Jonas and Wyatt Maines were born identical twins, but from the start each had a distinct personality. The Boston Globe reports that Jonas was all boy. He loved Spiderman, action figures, pirates, and swords. Wyatt favoured pink tutus and beads. At 4, he insisted on a Barbie birthday cake and had a thing for mermaids. On Halloween, Jonas was Buzz Lightyear. Wyatt wanted to be a princess; his mother compromised on a prince costume. Once, when Wyatt appeared in a sequin shirt and his mother’s heels, his father said: “You don’t want to wear that,” Wyatt replying, “Yes, I do.” Wayne recalls Jonas saying, “Dad, you might as well face it. You have a son and a daughter.” That early declaration marked, as much as any one moment could, the beginning of a journey that few have taken, one the Maineses themselves couldn’t have imagined until it was theirs. The process of remaking a family of identical twin boys into a family with one boy and one girl has been heartbreaking and harrowing and, in the end, inspiring - a lesson in the courage of a child, a child who led them, and in the transformational power of love. Wayne and Kelly Maines have struggled to know whether they are doing the right things for their children, especially for Wyatt, who now goes by the name Nicole. Was he merely expressing a softer side of his personality, or was he really what he kept saying: a girl in a boy’s body? Was he exhibiting early signs that he might be gay?

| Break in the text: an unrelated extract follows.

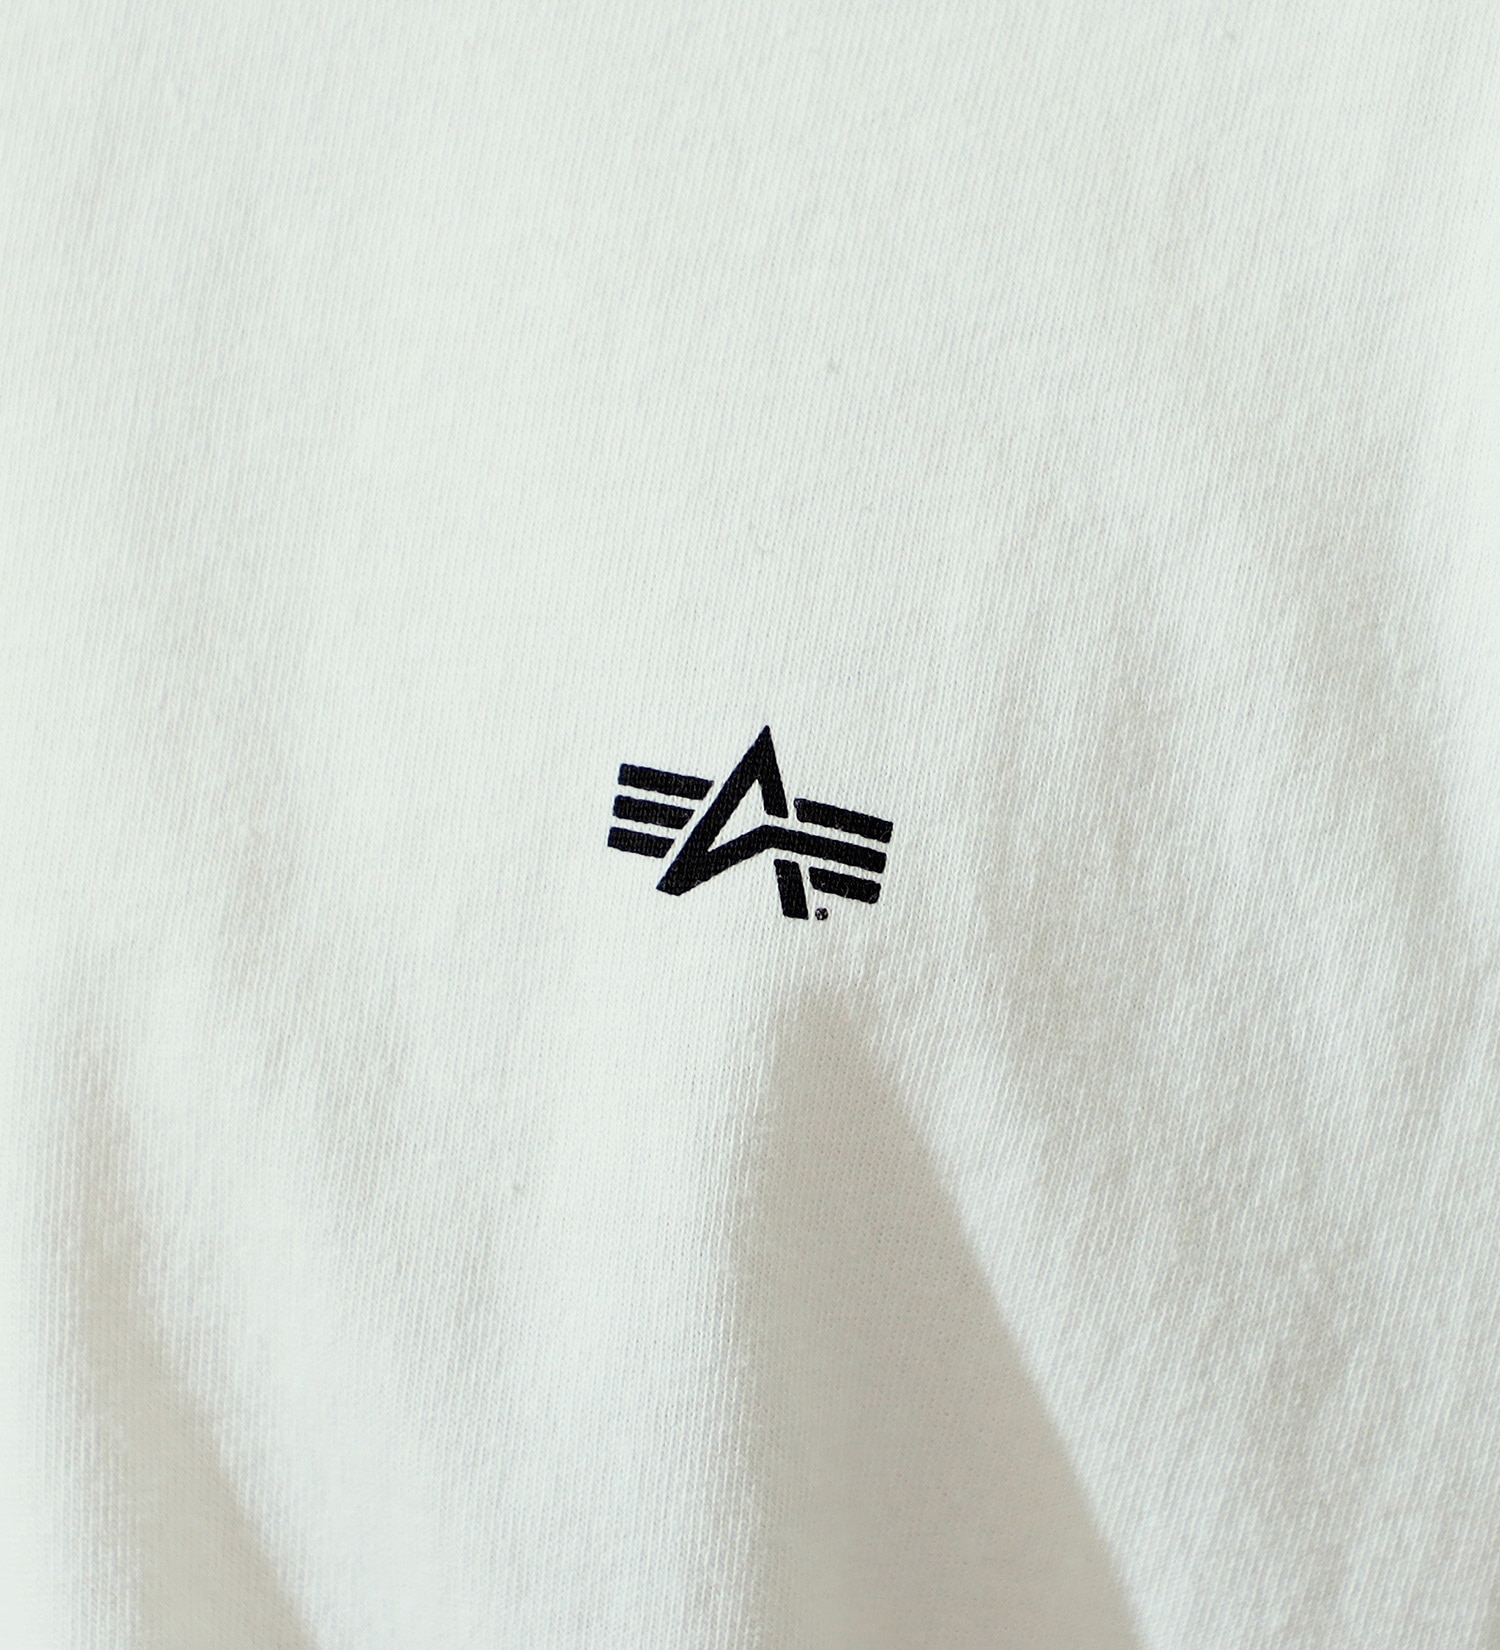 ALPHA(アルファ)のUSグラフィック プリントＴシャツ 半袖 (DISTORTION)|トップス/Tシャツ/カットソー/メンズ|ホワイト

Was it even possible, at such a young age, to determine what exactly was going on? Until recently, there was little help for children in such situations. But now a groundbreaking clinic at Children’s Hospital in Boston - one of the few of its kind in the world - helps families deal with the issues, both emotional and medical, that arise from having a transgender child - one who doesn’t identify with the gender he or she was born into. The Children’s Hospital Gender Management Services Clinic can, using hormone therapies, halt puberty in transgender children, blocking the development of secondary sexual characteristics - a beard, say, or breasts - that can make the eventual transition to the other gender more difficult, painful, and costly.

In Scotland, a letter signed by more than 70 of that country’s largest evangelical churches will be handed over to St Andrew’s House Thursday, opposing plans to introduce same sex marriage. The event will be marked with a rally and backed by the campaign group Scotland For Marriage, which wants to maintain the traditional definition of marriage. Reports The Scotsman, the letter states: “Redefining marriage is not an issue of equality or fairness, as argued by those calling for this change. Equality does not mean sameness but recognises diversity. In the Scottish Government’s consultation document it is abundantly clear that homo-sexual couples already have the rights of marriage available through civil partnerships. Our chief concern is that Scottish society will be the poorer if the definition of marriage is rewritten. Marriage is foundational and so much else rests upon it. You cannot radically alter the definition of marriage without it having knock-on effects on so much else in our society.” A Scottish Government consultation asking if marriage should be allowed for gay people through a civil or religious ceremony closed earlier this month after attracting more than 50,000 responses. Dave Greatorex, of Scotland for Marriage said, “Once again we see how widespread the opposition to redefining marriage really is. If Alex Salmond thinks that concerns about changing the current definition will go away he is sorely mistaken.” The Rev David McCarthy, of St Silas Episcopal Church, in Glasgow, added, “Traditional marriage gives kids the complementary parenting of a mother and father, which same-sex marriage does not provide.” Equal Marriage campaigners have submitted about 18,000 responses to the consultation. The gay equality charity Stonewall Scotland is urging MSPs to support same sex marriage.